= Beginning of Section =

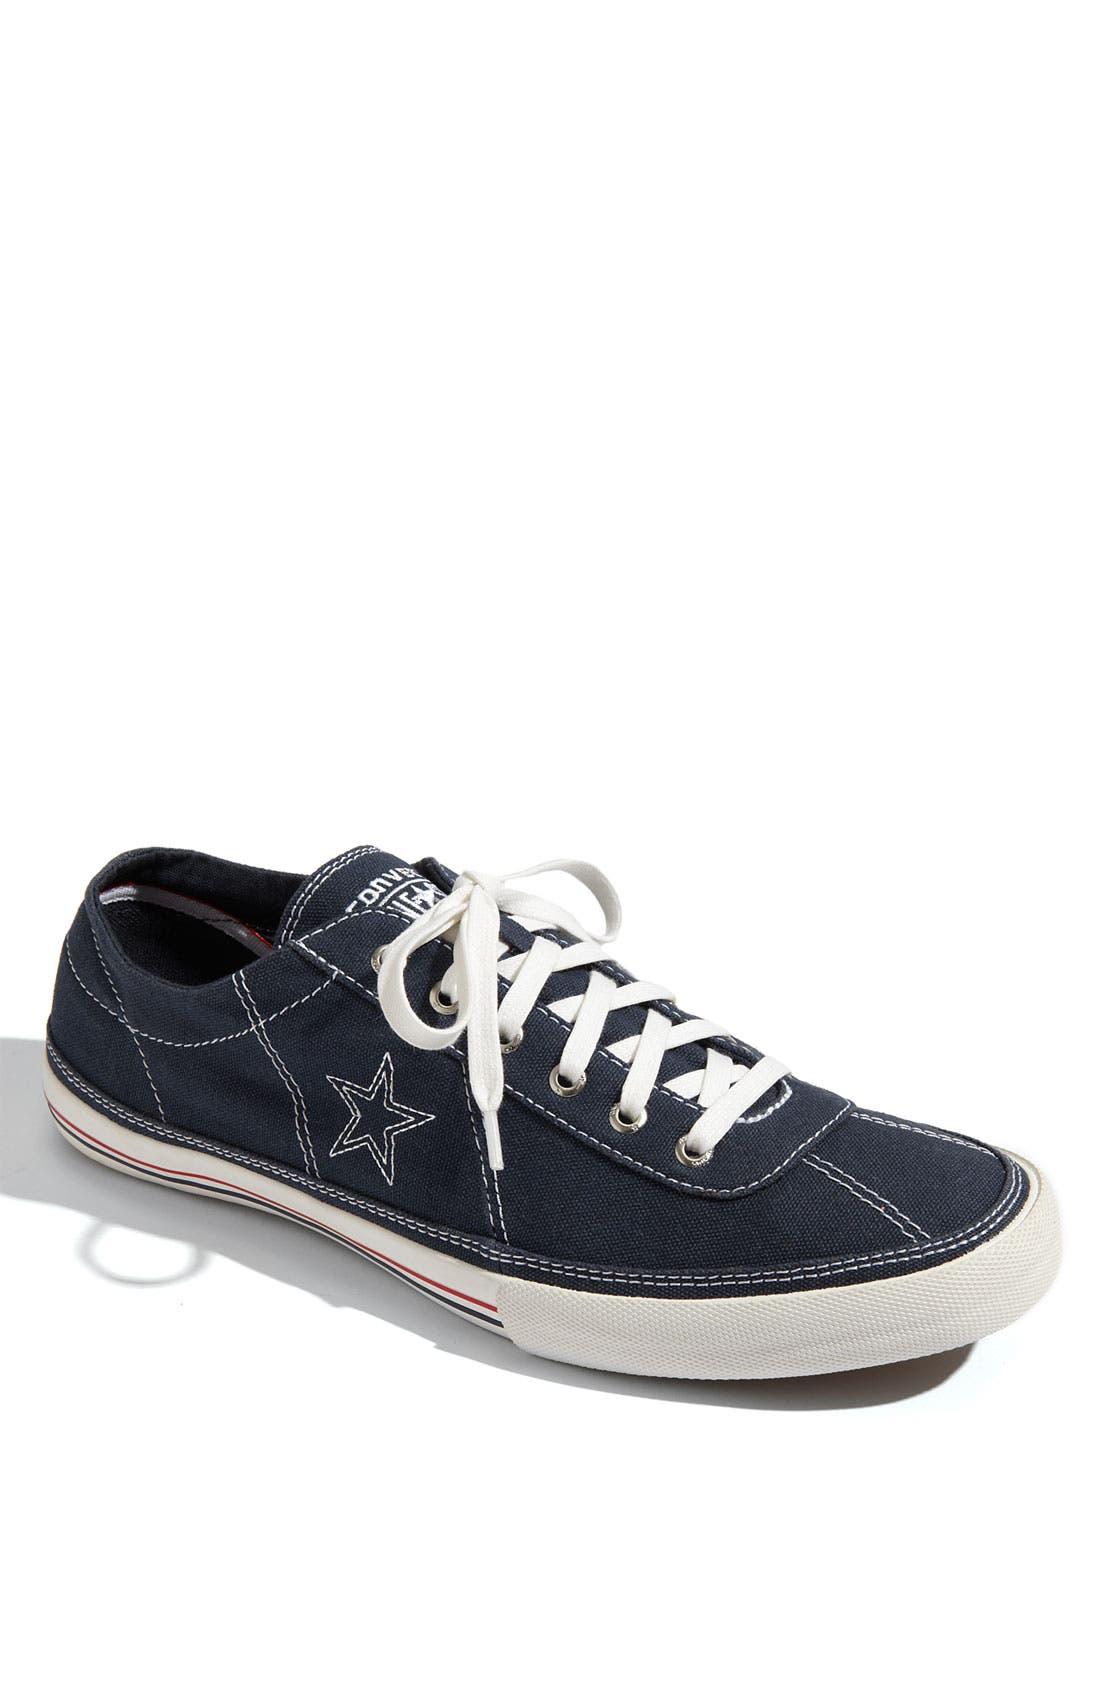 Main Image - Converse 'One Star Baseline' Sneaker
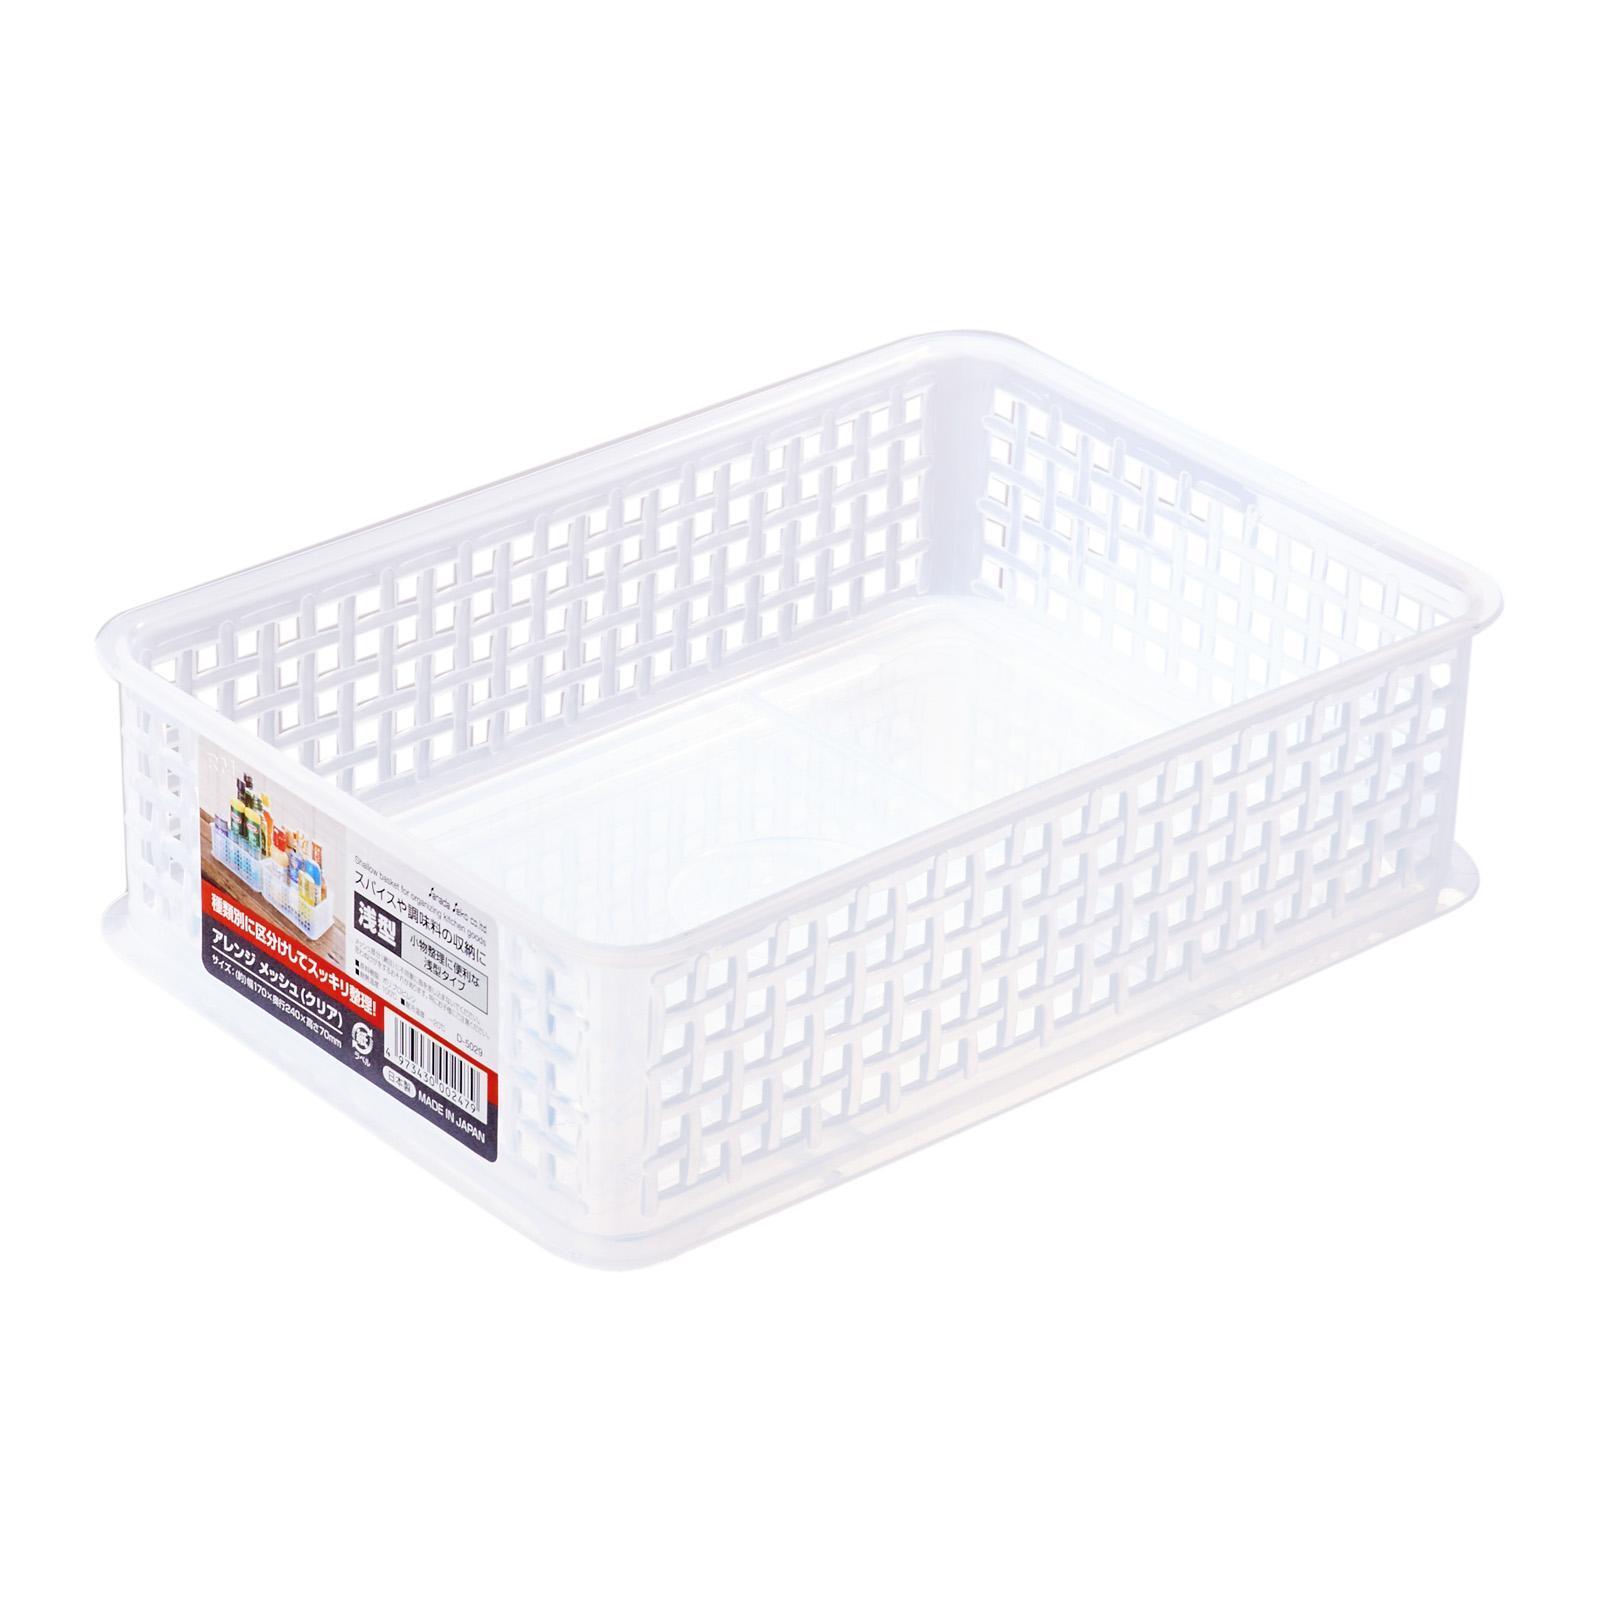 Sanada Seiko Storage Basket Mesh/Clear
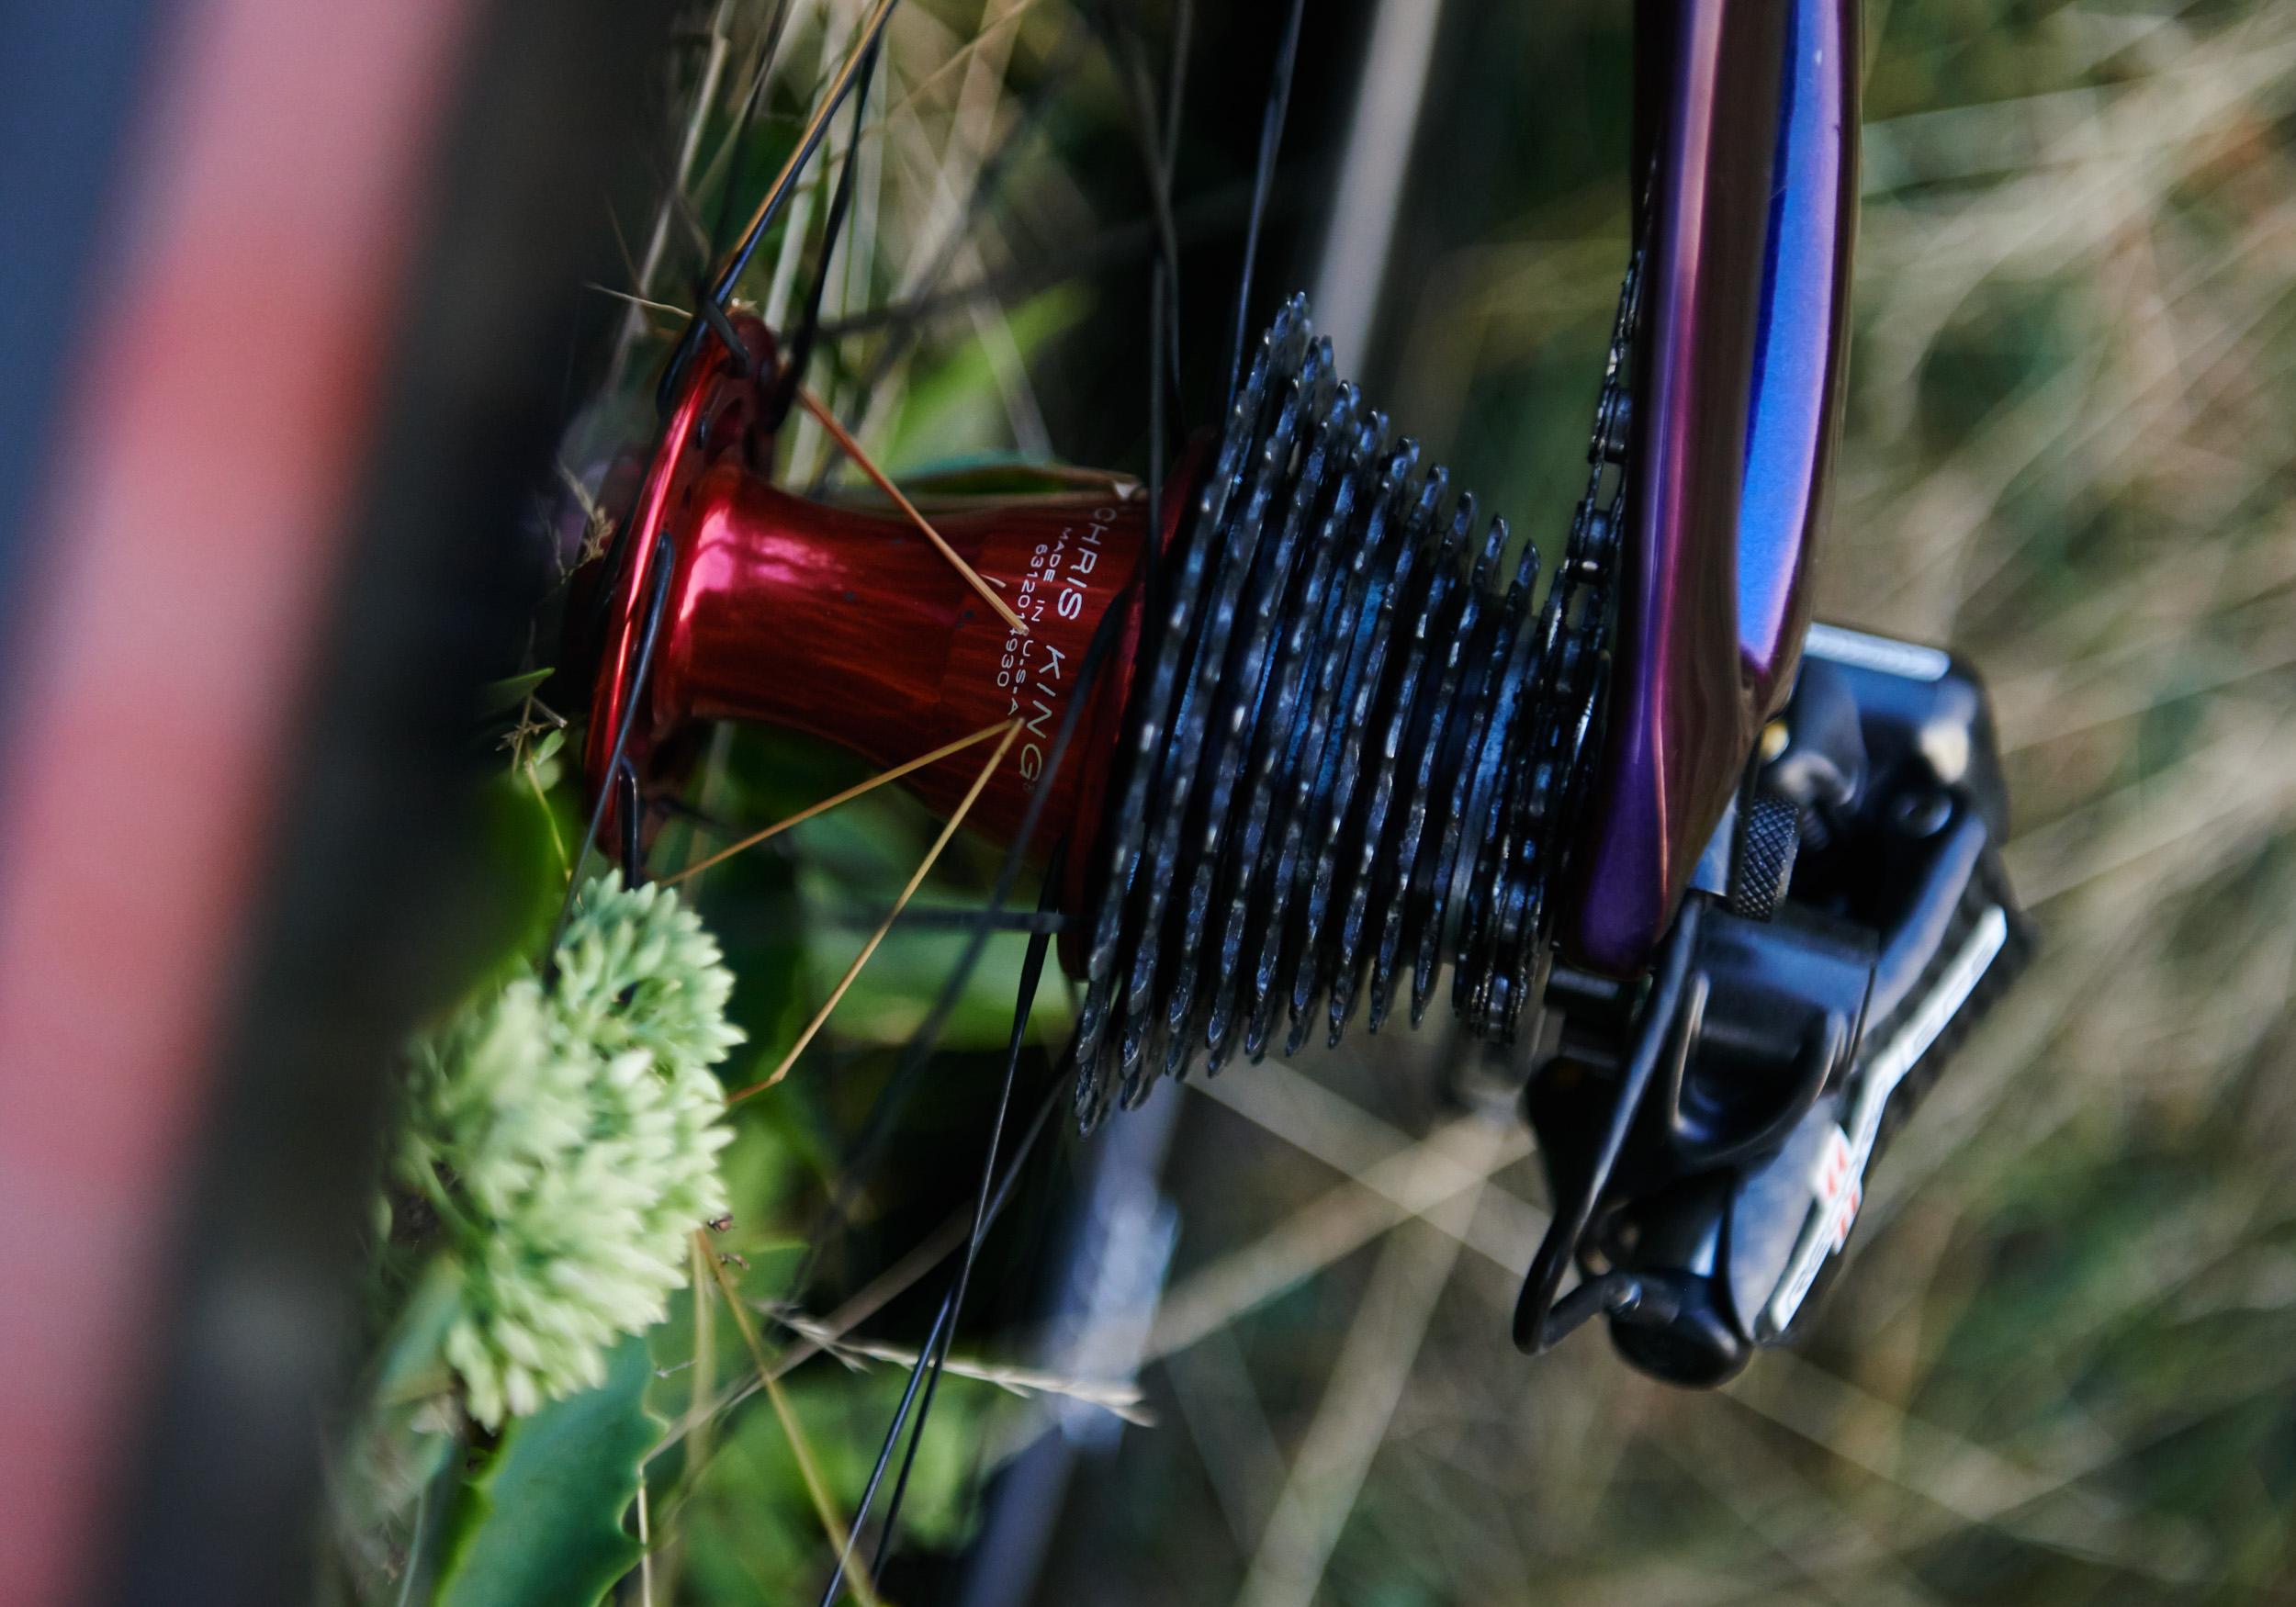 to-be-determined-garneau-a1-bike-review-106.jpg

= End of Section =

* **Work required**:
All of the lines above should be retyped precisely, apart from the pictures.

* **Task output**:
 Main Image - Converse 'One Star Baseline' Sneaker
 Sanada Seiko Storage Basket Mesh/Clear
 to-be-determined-garneau-a1-bike-review-106.jpg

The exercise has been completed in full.